Repeat the full listing below verbatim and keep the images out.

Data section:
▬▬▬

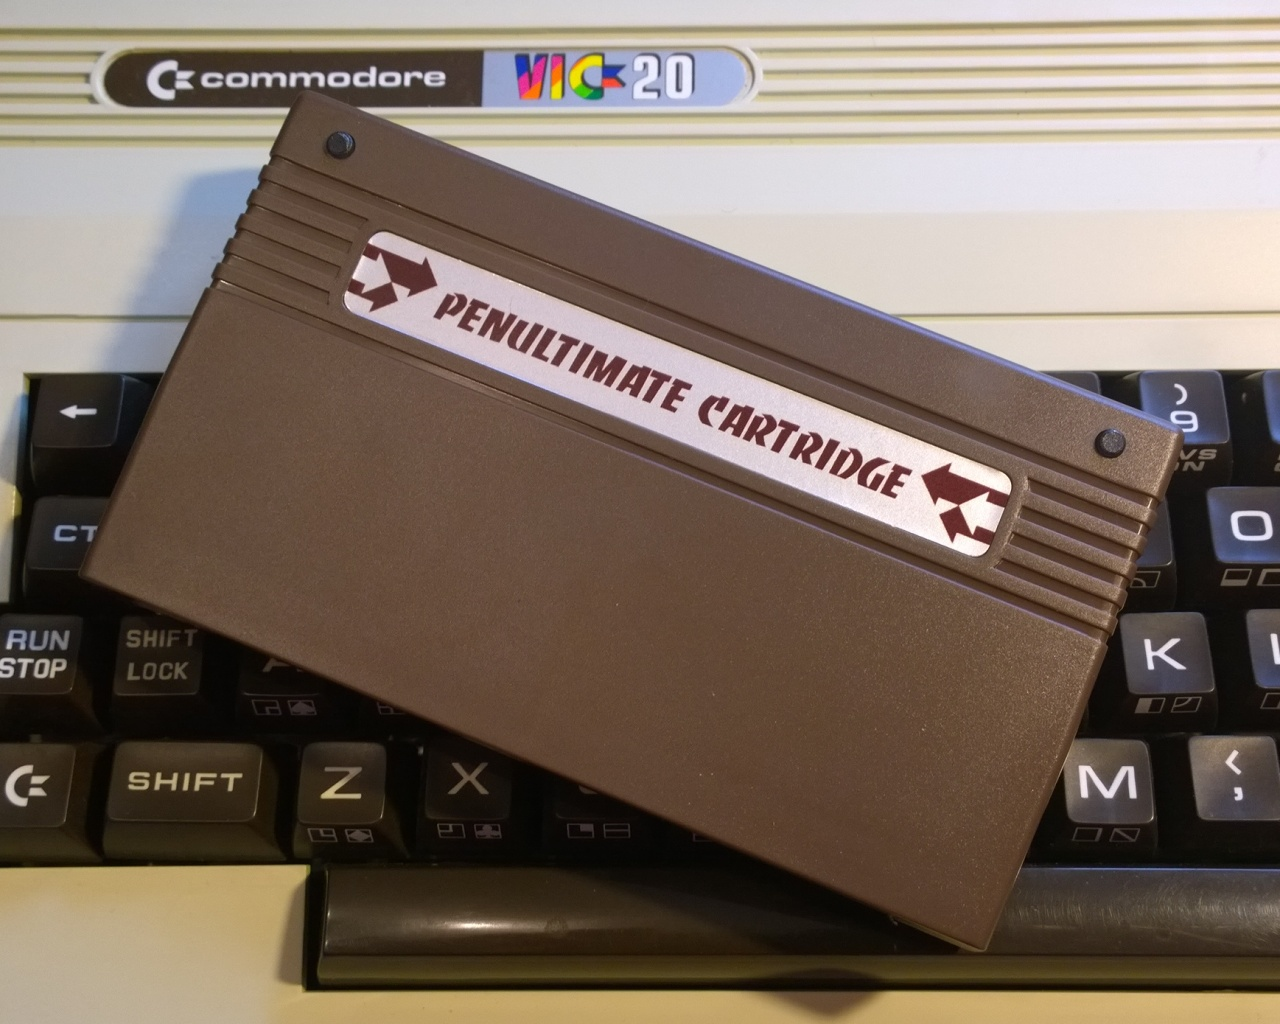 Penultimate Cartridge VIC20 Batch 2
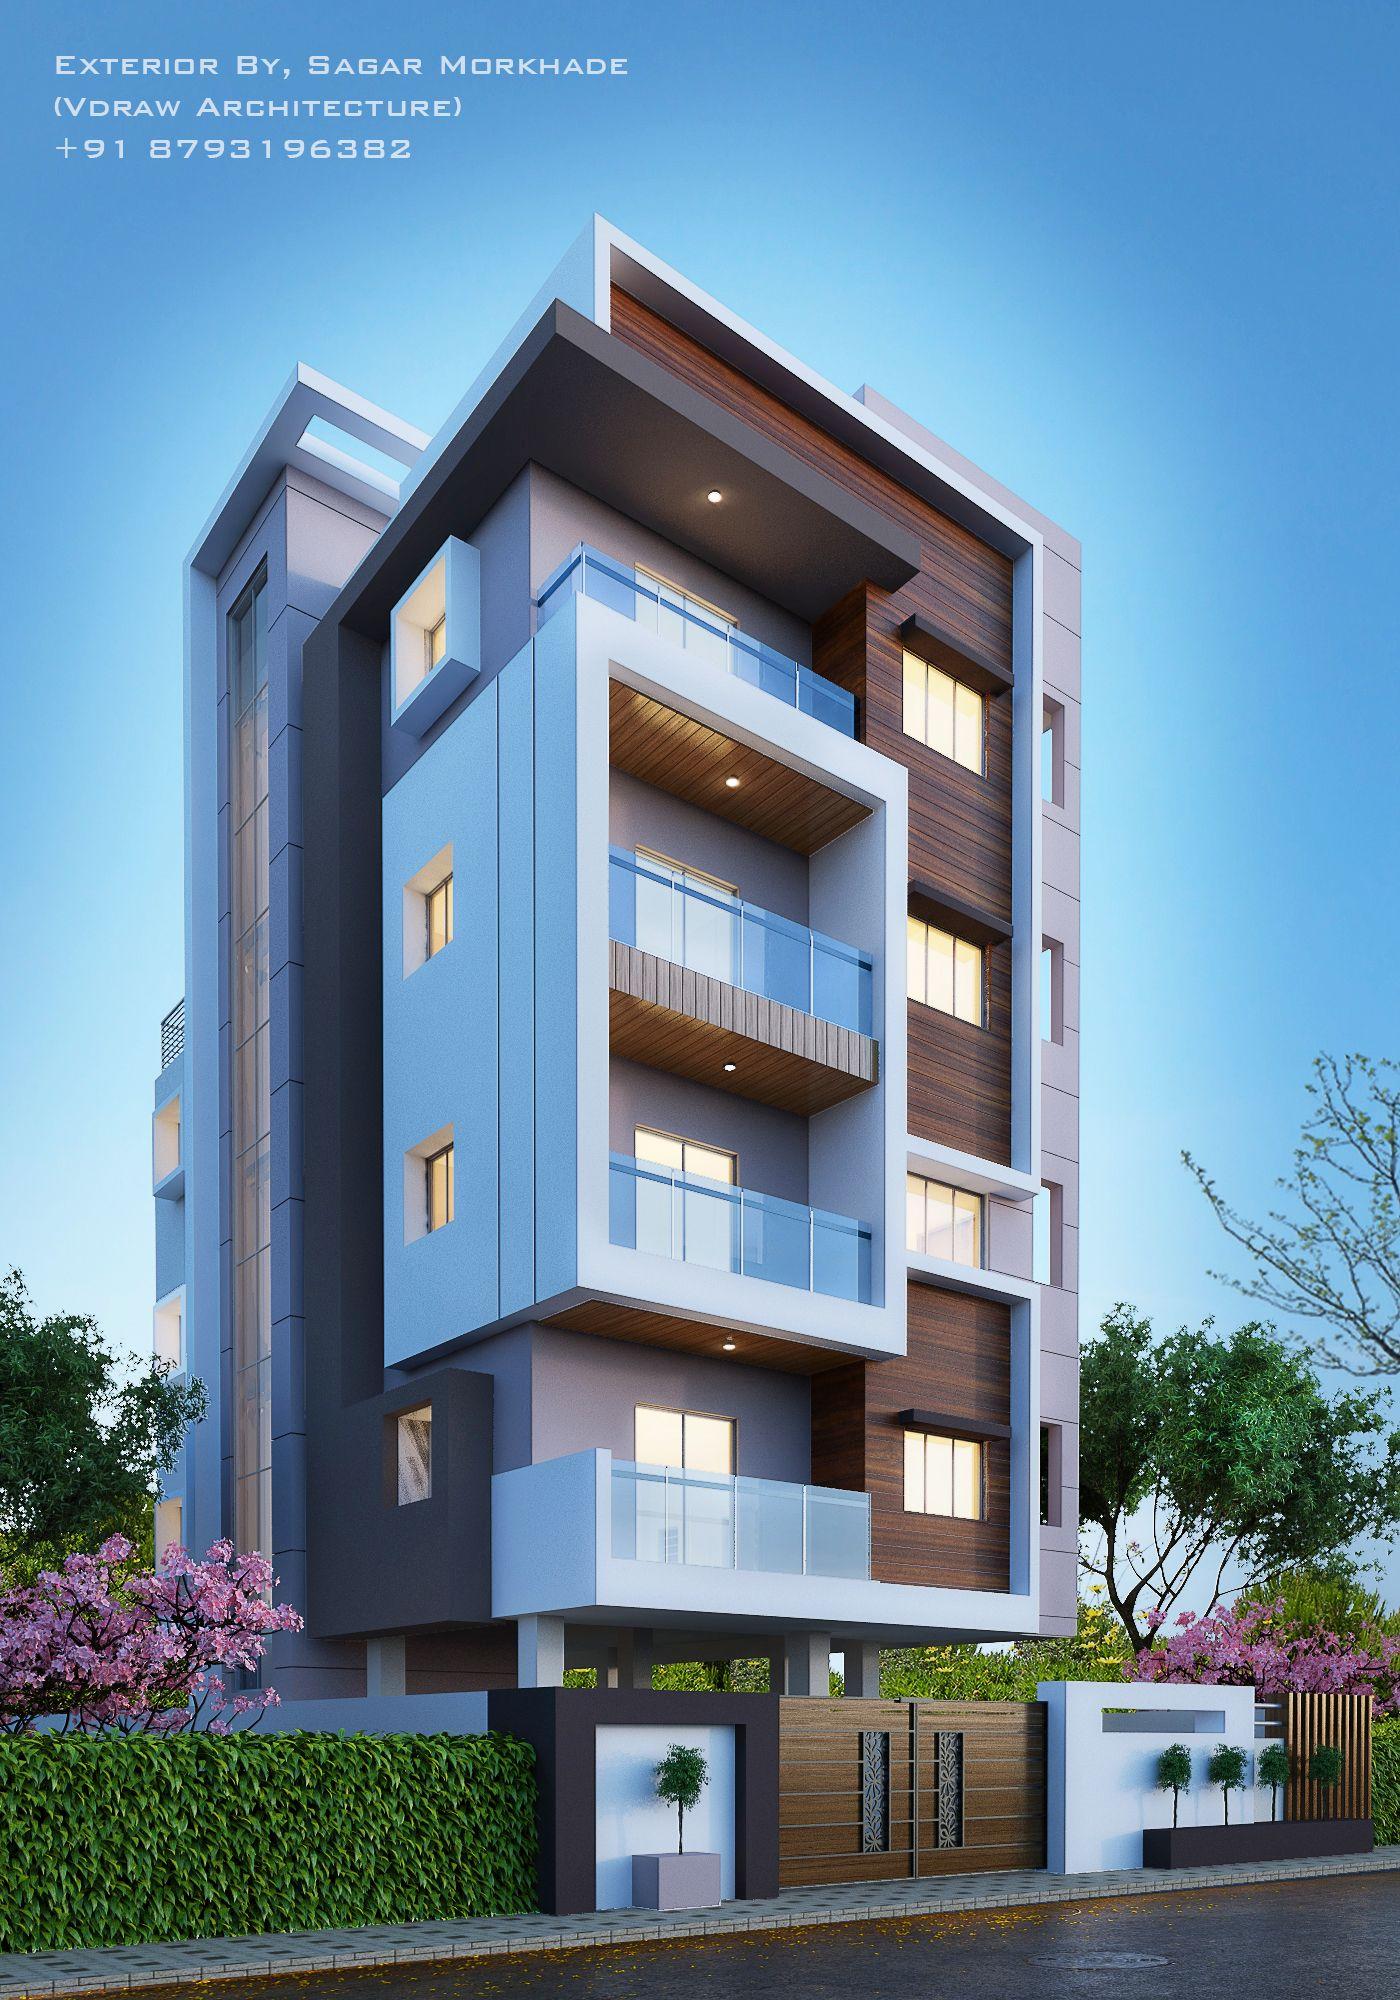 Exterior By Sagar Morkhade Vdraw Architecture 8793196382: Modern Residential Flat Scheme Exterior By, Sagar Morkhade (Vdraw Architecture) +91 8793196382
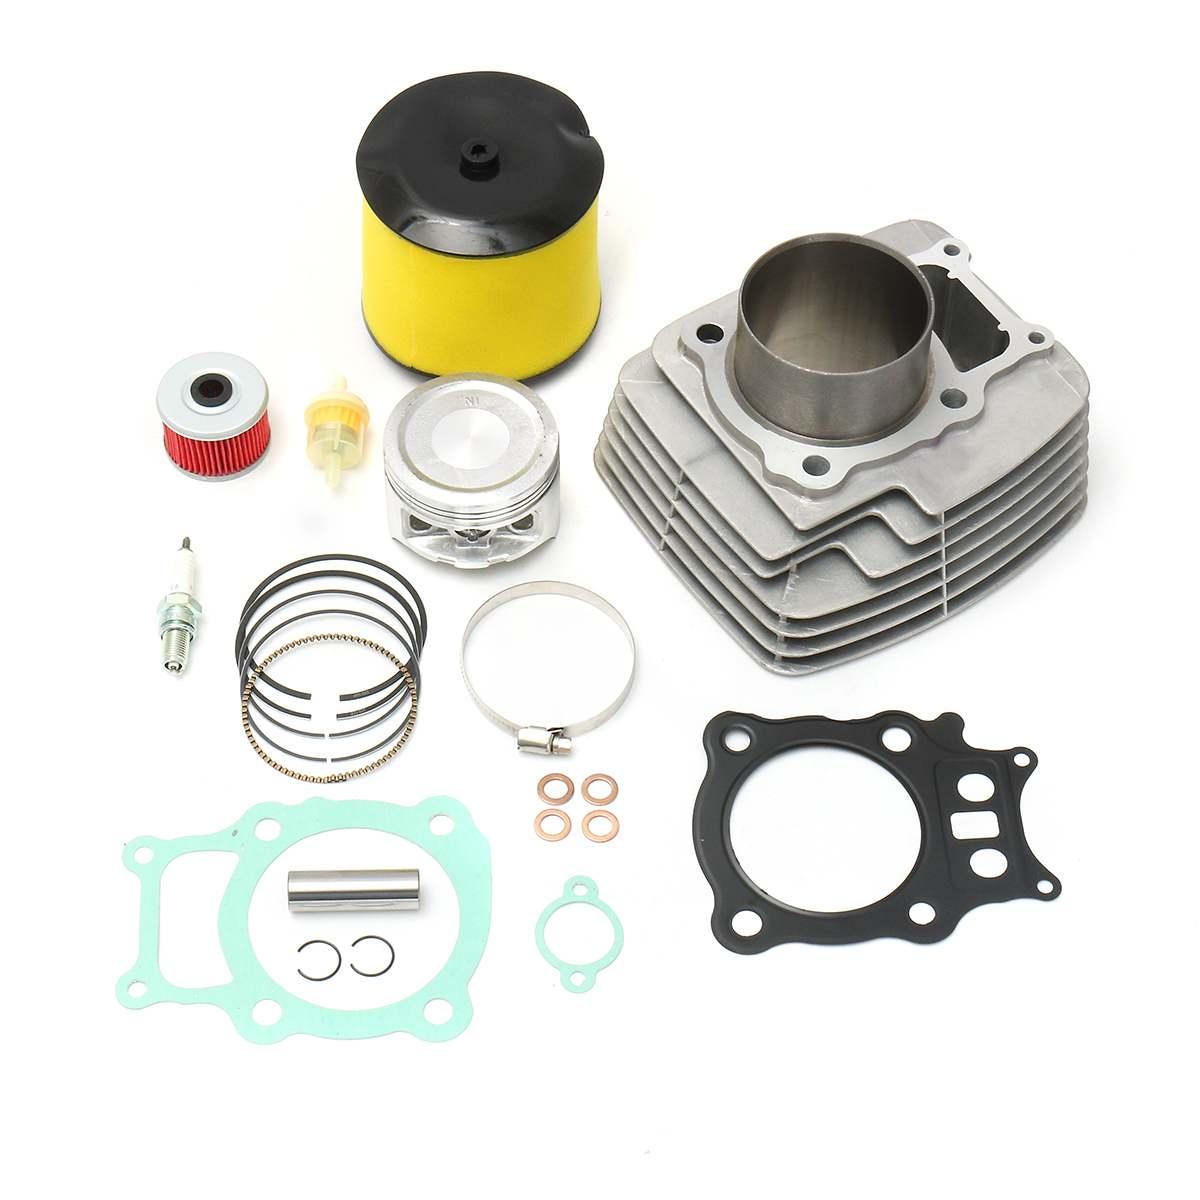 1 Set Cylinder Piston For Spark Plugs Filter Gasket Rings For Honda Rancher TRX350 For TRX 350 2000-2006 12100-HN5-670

▬▬▬

Answer box:
 Penultimate Cartridge VIC20 Batch 2
 Exterior By Sagar Morkhade Vdraw Architecture 8793196382: Modern Residential Flat Scheme Exterior By, Sagar Morkhade (Vdraw Architecture) +91 8793196382
 1 Set Cylinder Piston For Spark Plugs Filter Gasket Rings For Honda Rancher TRX350 For TRX 350 2000-2006 12100-HN5-670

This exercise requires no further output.